Academic Lecture——Repulsive Attention and its Applications
Author:Administrator Source:website Time:2021-06-04 04:15:53
Time: 11:00a.m-12:30a.m Monday, June 7, 2021
Place: Tencent Conference (Conference ID: 882927322 Conference Password: 583679)Topic: Repulsive Attention and its ApplicationsSpeaker: Chen Chang is an Assistant Professor in the Department of Computer Science and Engineering at the University at Buffalo, State University of New York
Abstract:
Multi-head attention mechanism is an important technique that has been applied in many state of the art deep neural network architectures, including Transformer, BERT, GPT, CLIP and DALL-E. A potential deficiency of multi-head attention is what we called attention collapse, a phenomenon that tends to make some or all attention heads identical after learning. We tackle this problem from a Bayesian perspective, and proposed an interpretation that treats attention heads as samples from some distribution. Based on our new particle-optimization framework for Bayesian inference, we develop efficient algorithms to jointly optimize all attention heads.

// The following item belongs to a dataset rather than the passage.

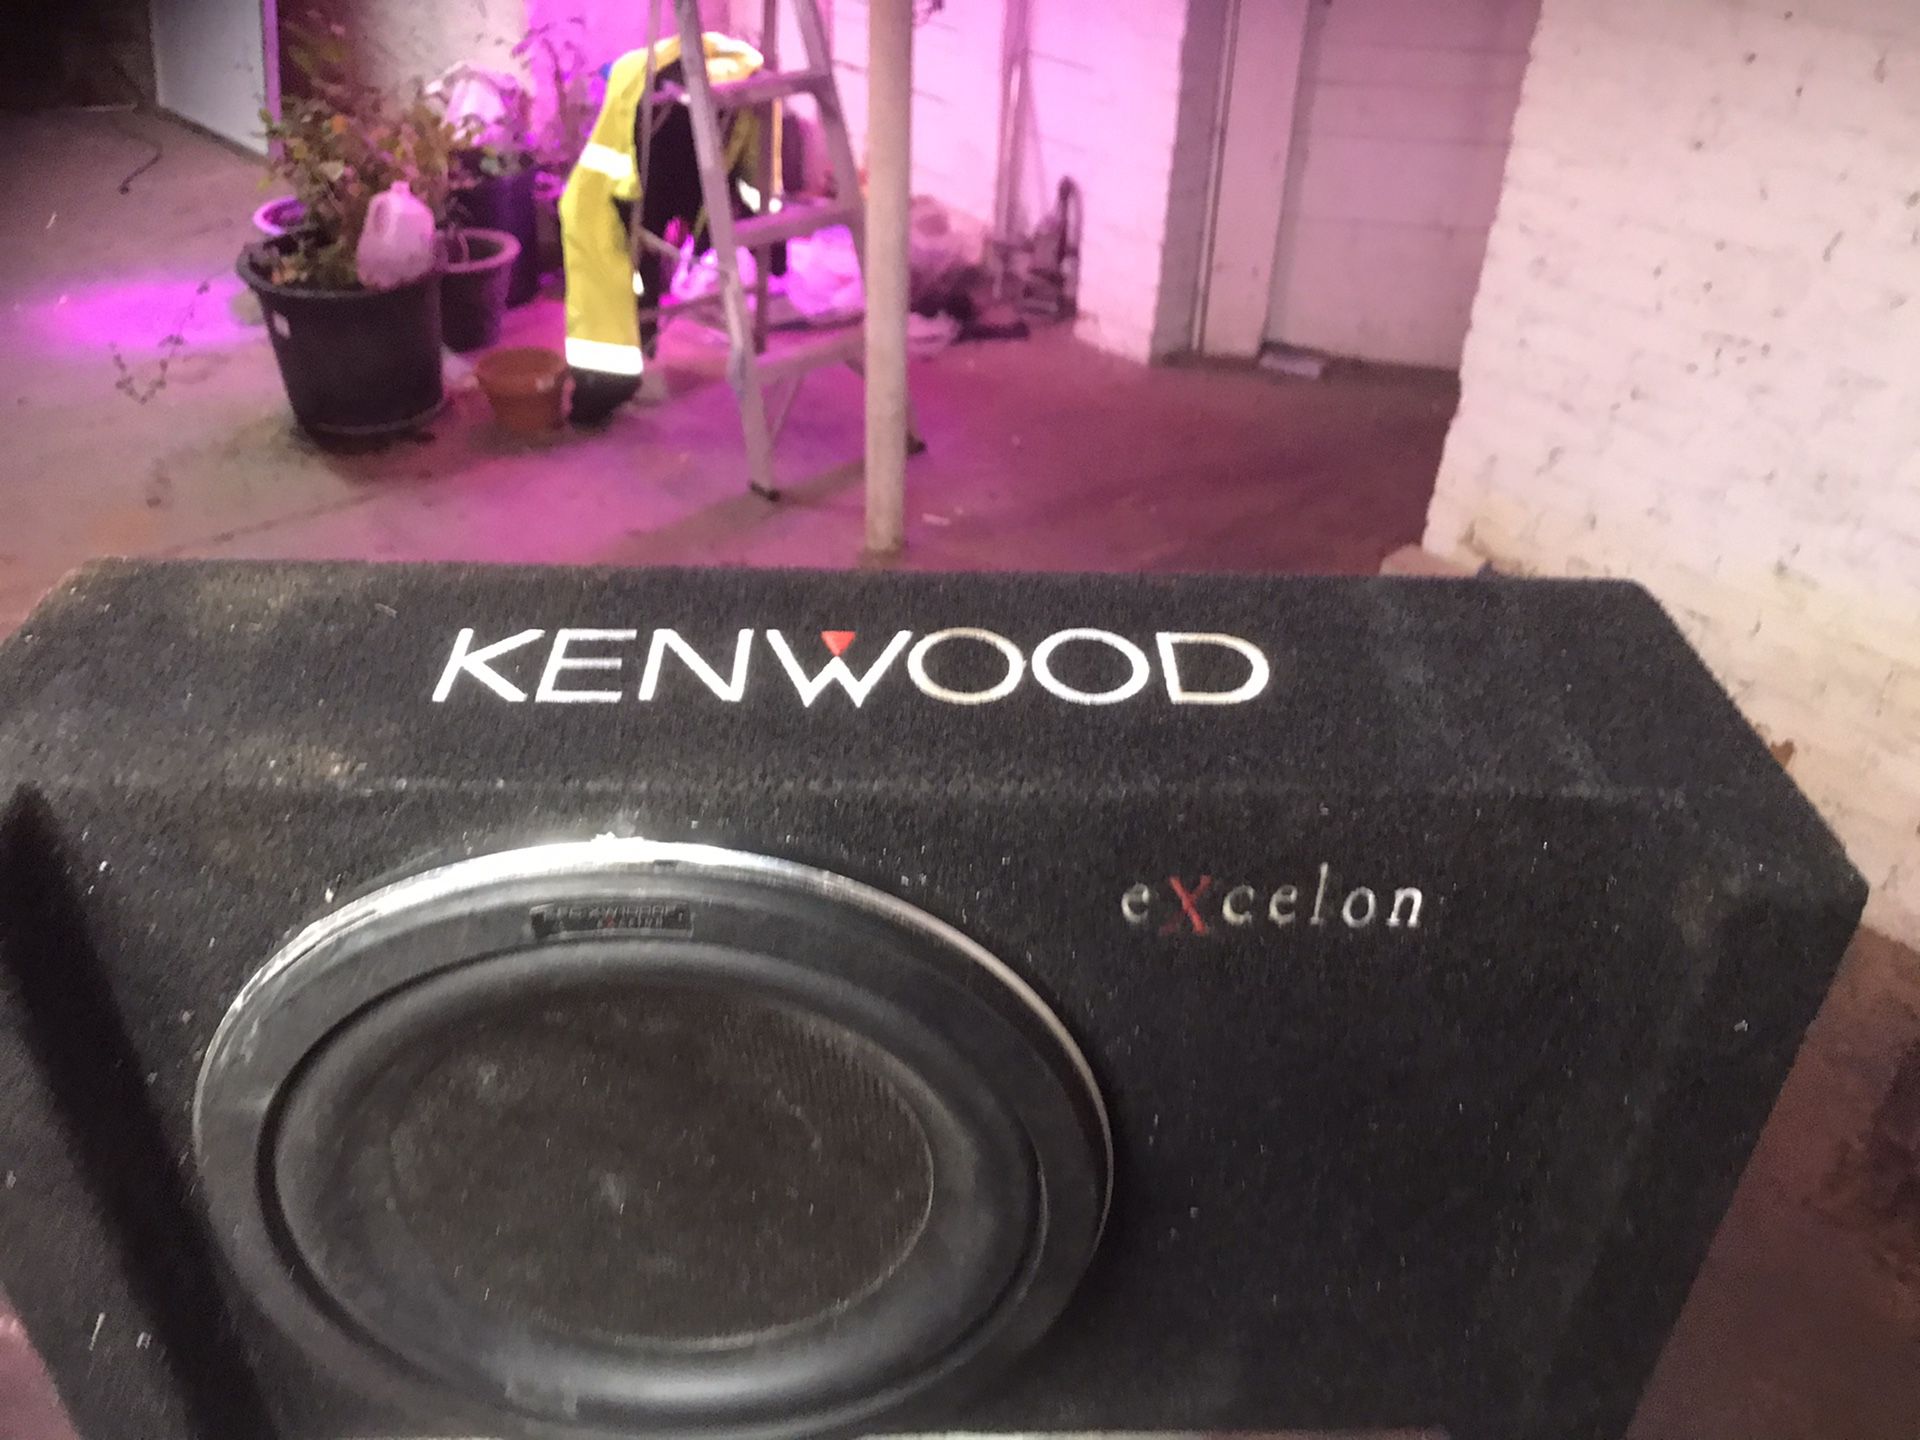 Kenwood sub woofer

Experiments on a number of problems including sentence embedding, cyberbully detection, machine translation, language representation learning and graph writer demonstrate the effectiveness of our method.
Brief introduction:
Chen Changyou is an assistant professor in the Department of Computer Science and Engineering at the University at Buffalo, State University of New York. His research focuses on Bayesian machine learning, deep learning, and deep reinforcement learning, as well as various applications in computer vision and natural language processing. He was a research Assistant Professor and postdoctoral fellow in the Department of Electrical and Computer Engineering at Duke University, and received his PhD from the School of Engineering and Computer Science at the Australian National University, and his Master's and Bachelor's degrees from Fudan University.